### [Task instructions]
Below, locate the line that contains "El esquife azul". Repeat exactly from that line to the line that contains "The North Face Redbox Blue Sweatshirt", inclusive, leaving out the pictures.
Start of Record excerpts
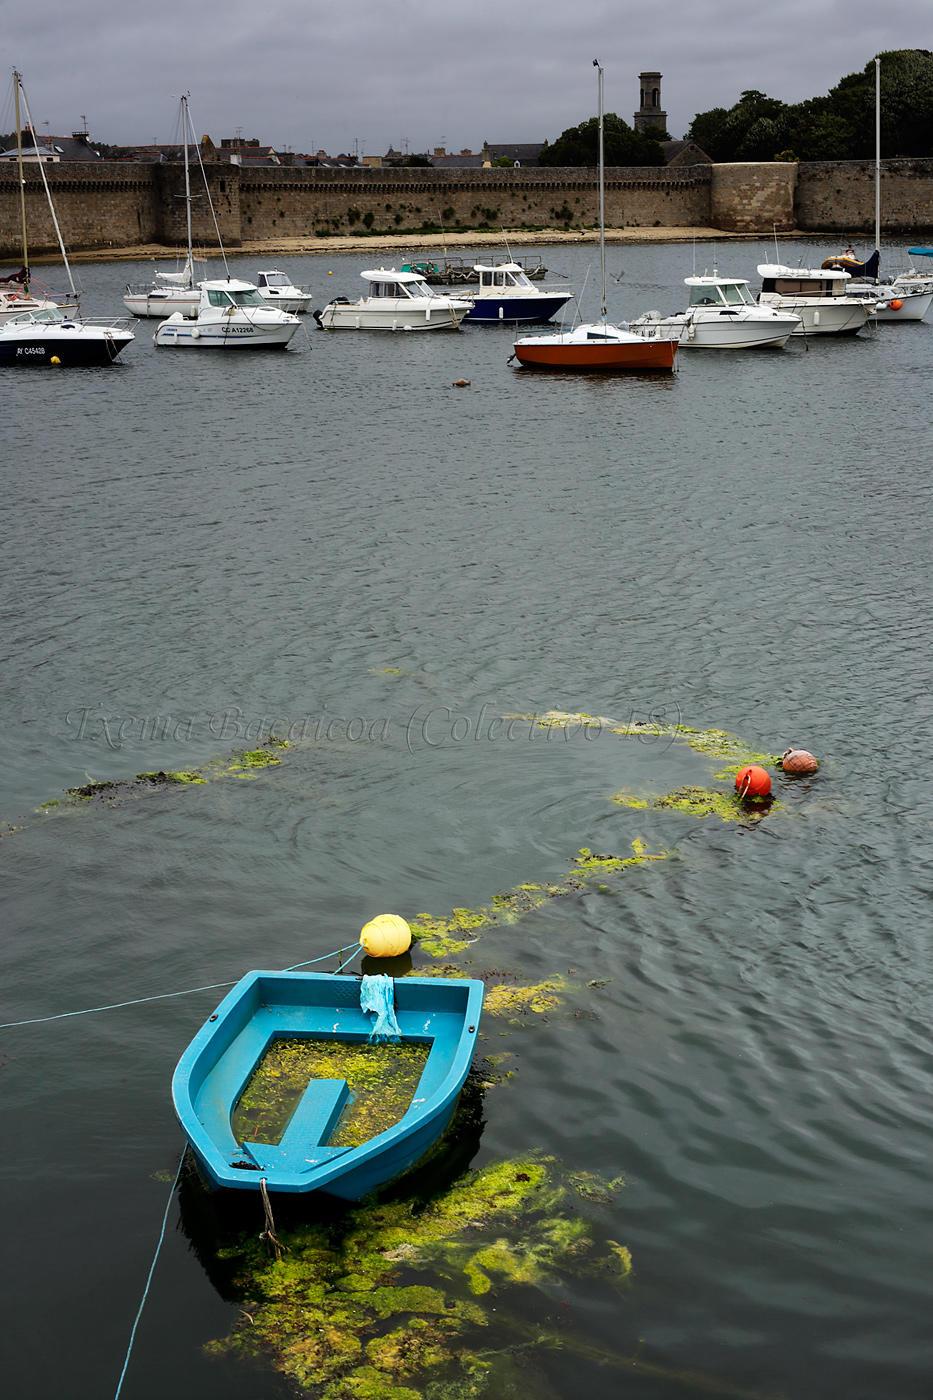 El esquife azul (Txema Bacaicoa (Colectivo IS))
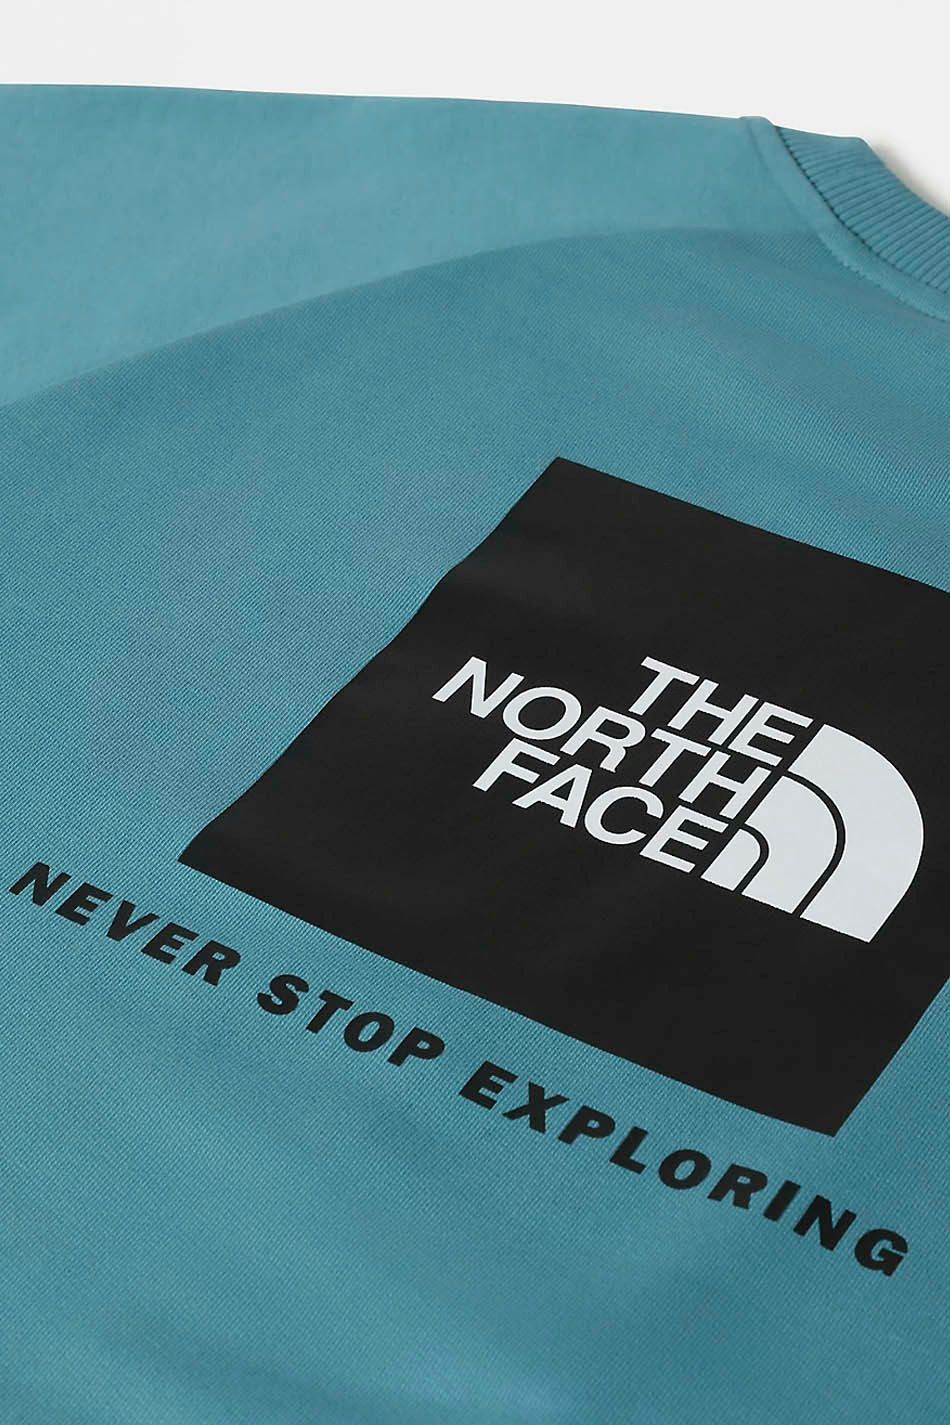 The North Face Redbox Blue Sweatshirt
End of Record excerpts
Start of Record excerpts
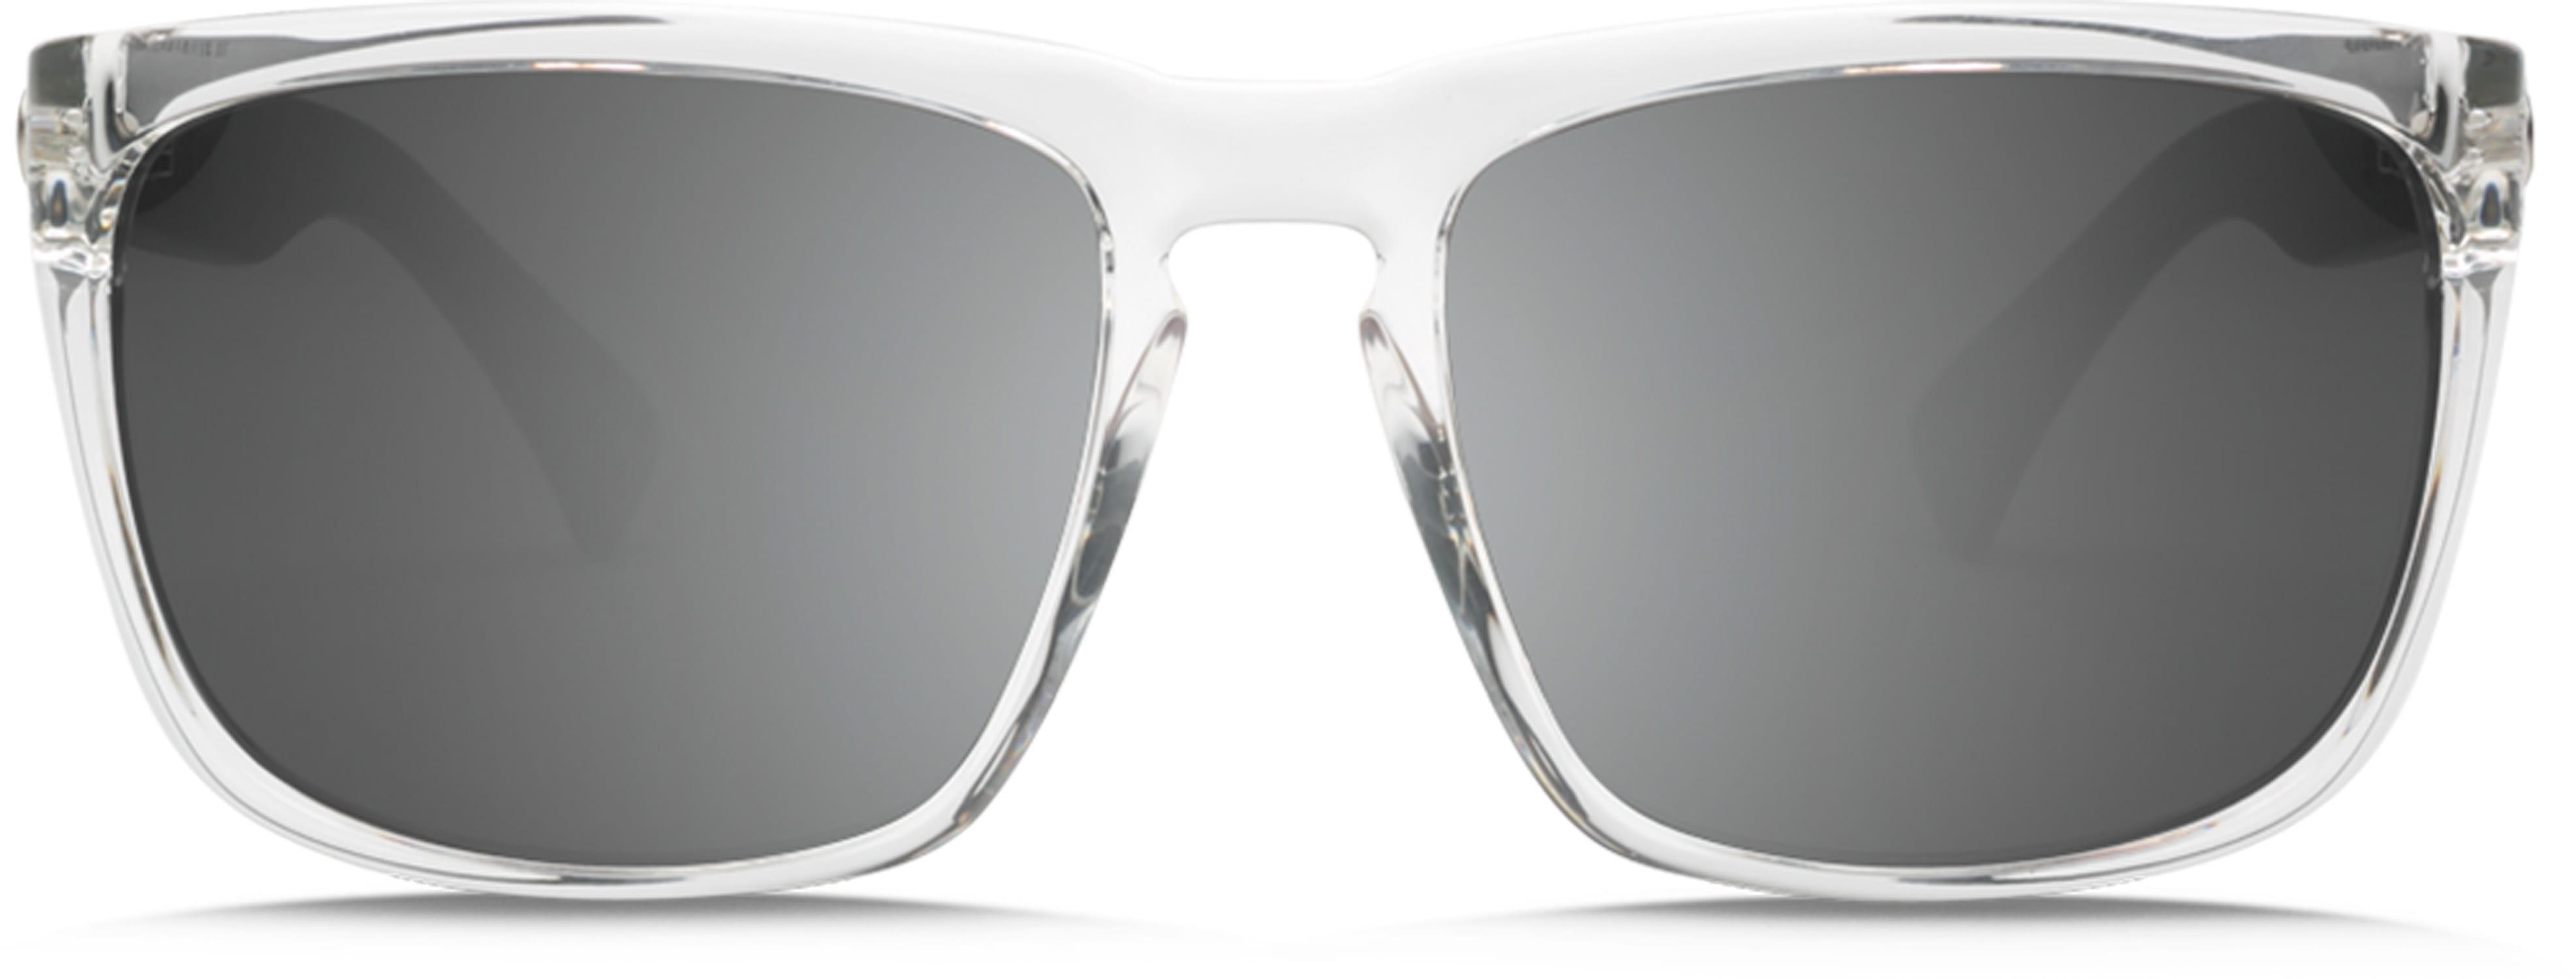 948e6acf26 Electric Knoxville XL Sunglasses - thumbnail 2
End of Record excerpts
### [Answer below]
 El esquife azul (Txema Bacaicoa (Colectivo IS))
 The North Face Redbox Blue Sweatshirt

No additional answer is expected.